▶ [Exercise]: Please copy only the material from the line that has "autumn apple orchard background - 46374535" to the very last line, both ends included, exactly as written and without pictures.

▶ [Task data]:

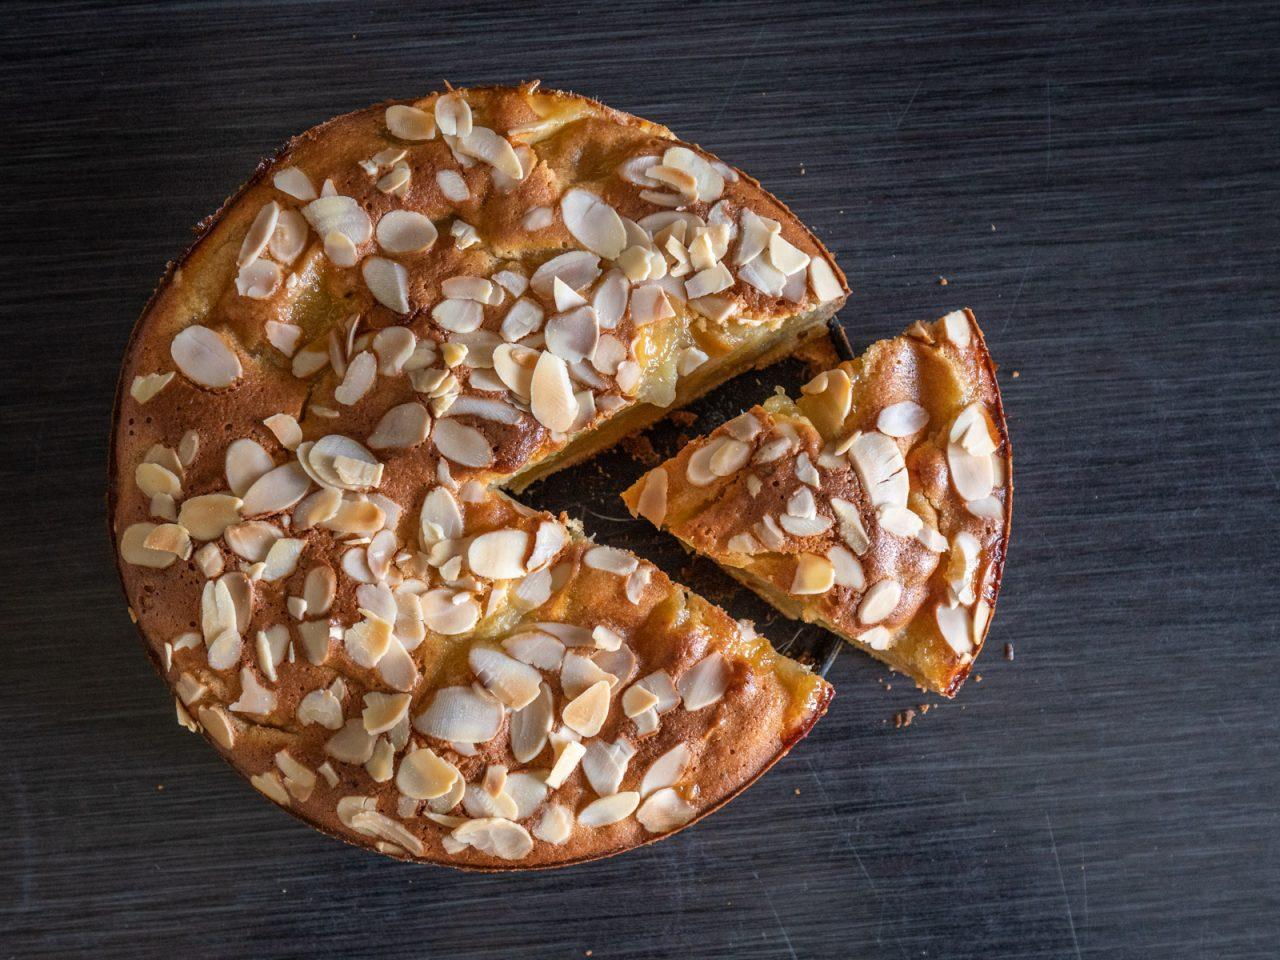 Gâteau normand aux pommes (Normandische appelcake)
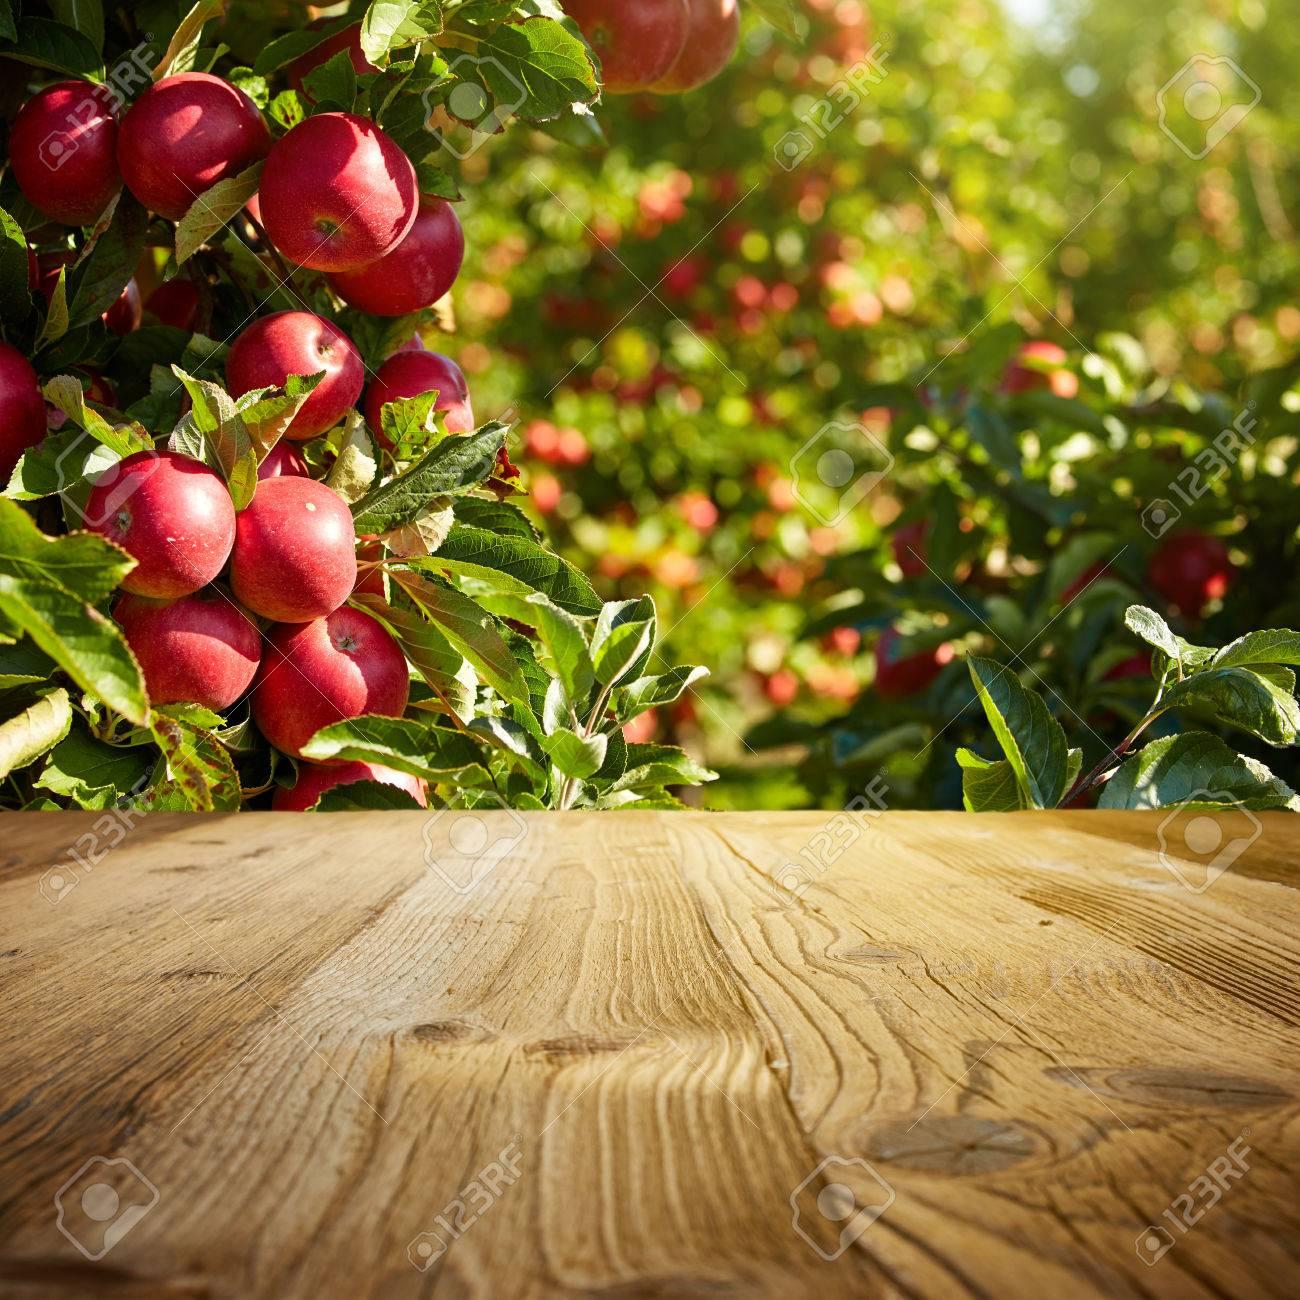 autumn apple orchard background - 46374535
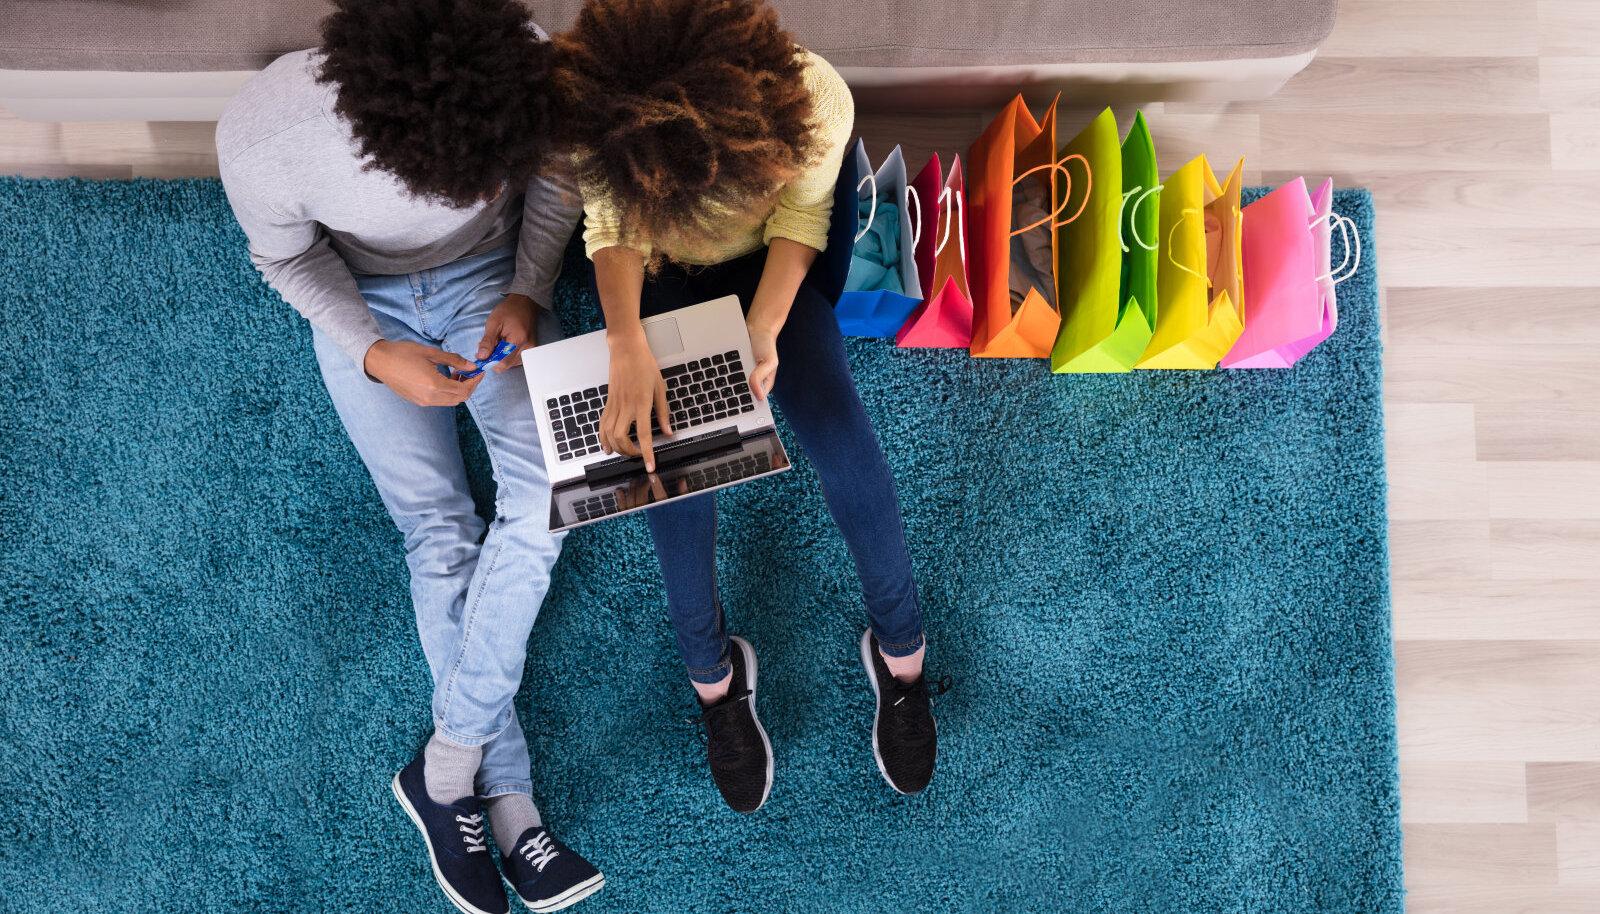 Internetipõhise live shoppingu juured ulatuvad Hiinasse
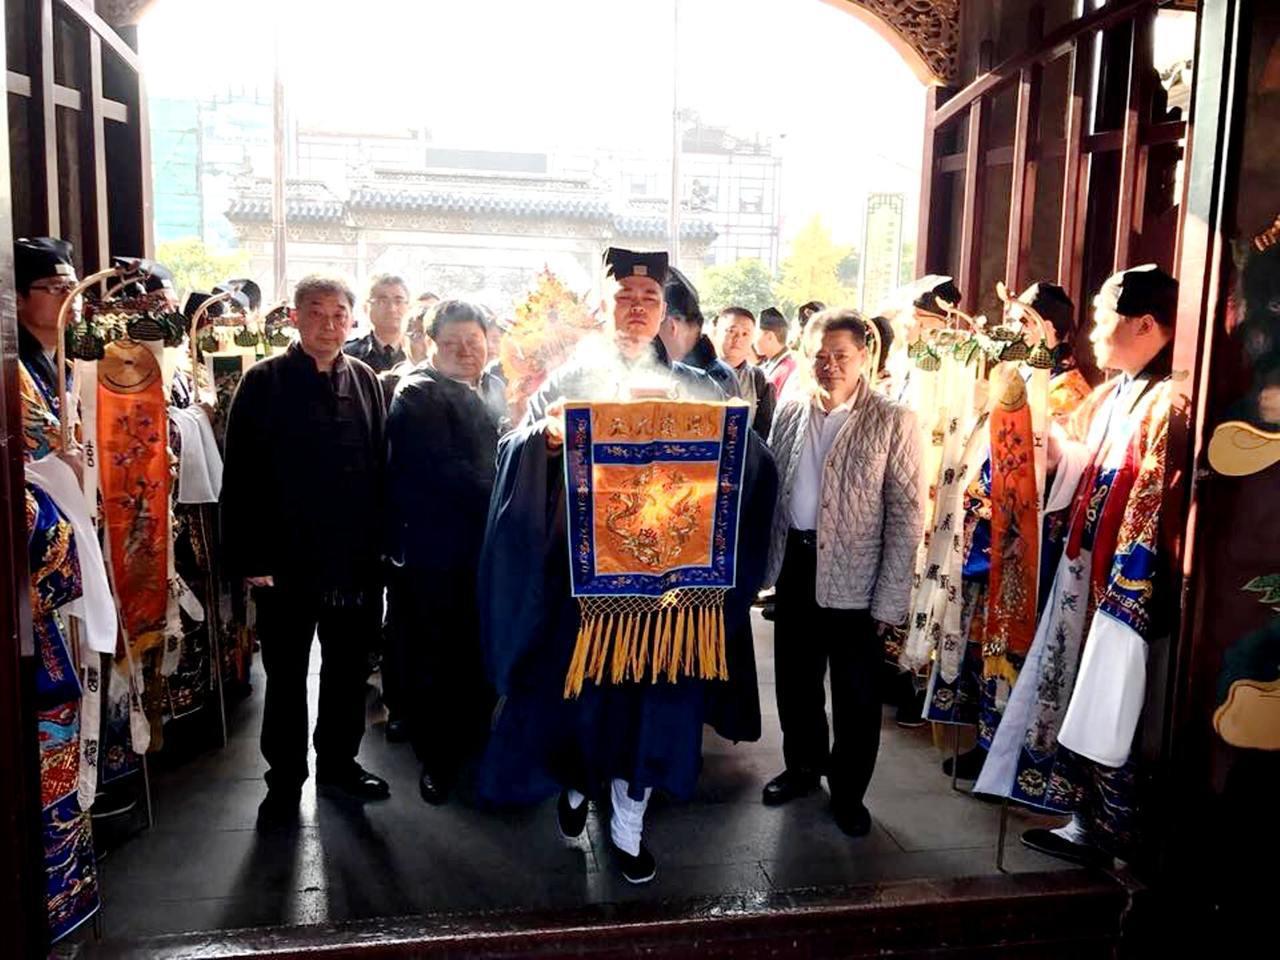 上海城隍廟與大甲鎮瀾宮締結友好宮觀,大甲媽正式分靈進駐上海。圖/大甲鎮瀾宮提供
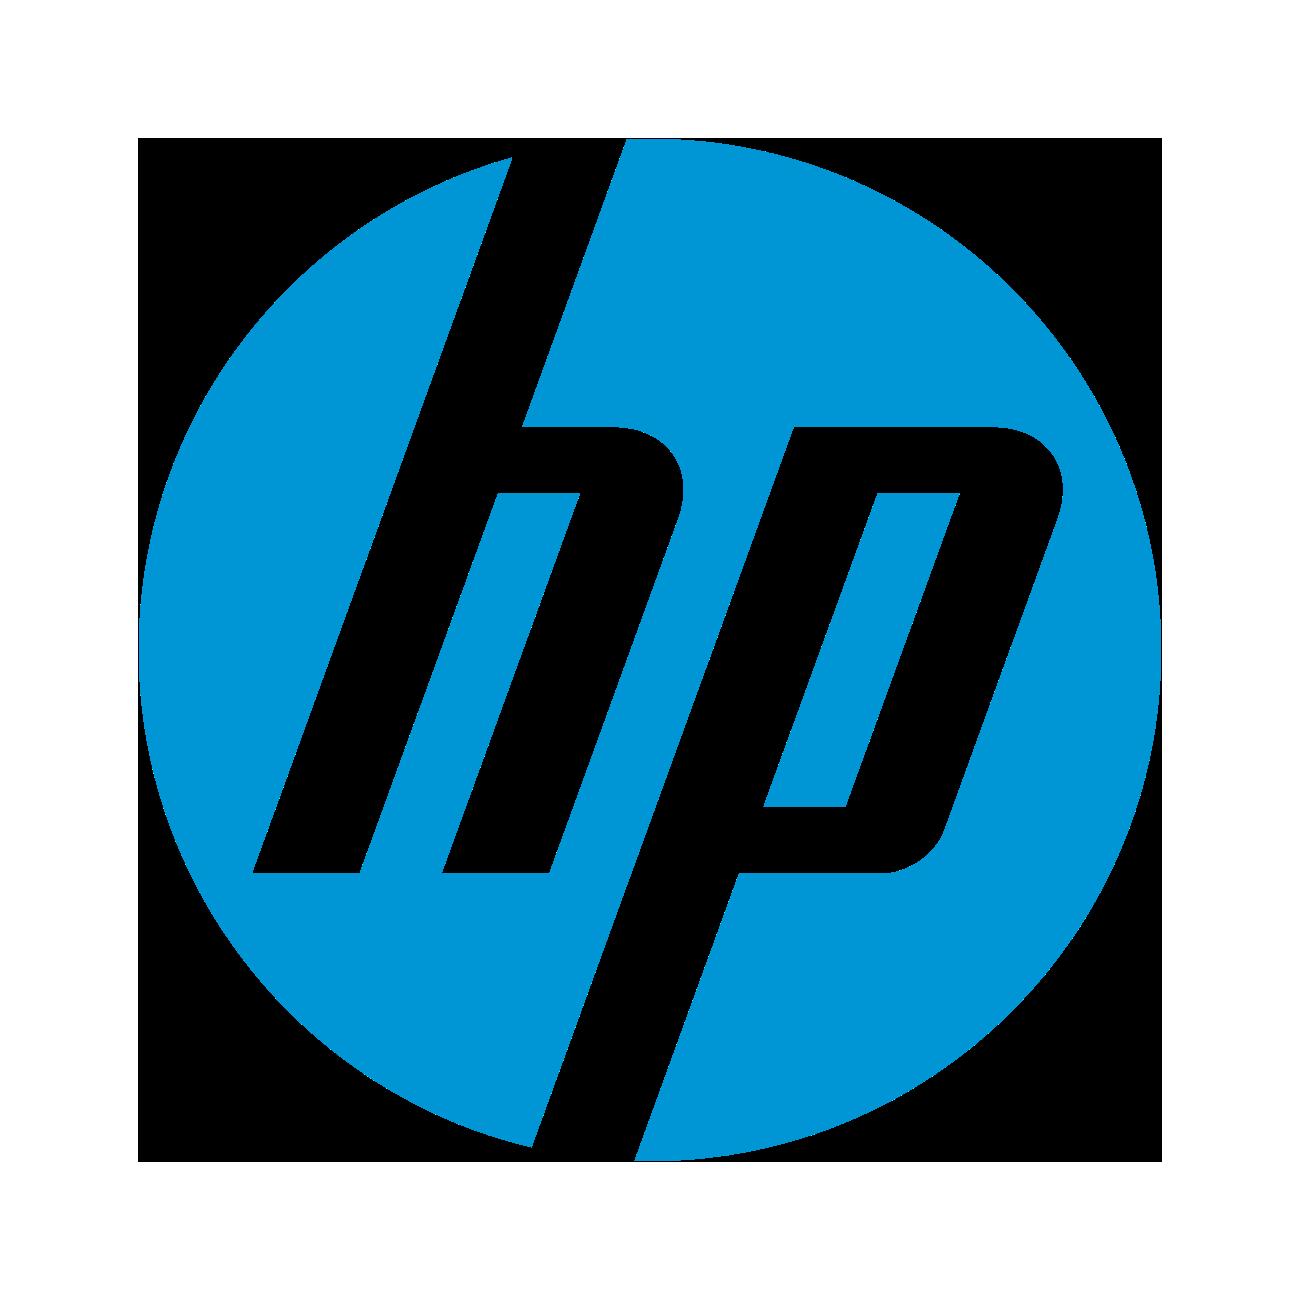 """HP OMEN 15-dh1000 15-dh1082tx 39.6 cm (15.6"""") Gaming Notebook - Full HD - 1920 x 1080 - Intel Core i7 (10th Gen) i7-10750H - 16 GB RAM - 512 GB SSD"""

▶ [Answer for the task]:
 autumn apple orchard background - 46374535
 Internetipõhise live shoppingu juured ulatuvad Hiinasse
 上海城隍廟與大甲鎮瀾宮締結友好宮觀,大甲媽正式分靈進駐上海。圖/大甲鎮瀾宮提供
 """HP OMEN 15-dh1000 15-dh1082tx 39.6 cm (15.6"""") Gaming Notebook - Full HD - 1920 x 1080 - Intel Core i7 (10th Gen) i7-10750H - 16 GB RAM - 512 GB SSD"""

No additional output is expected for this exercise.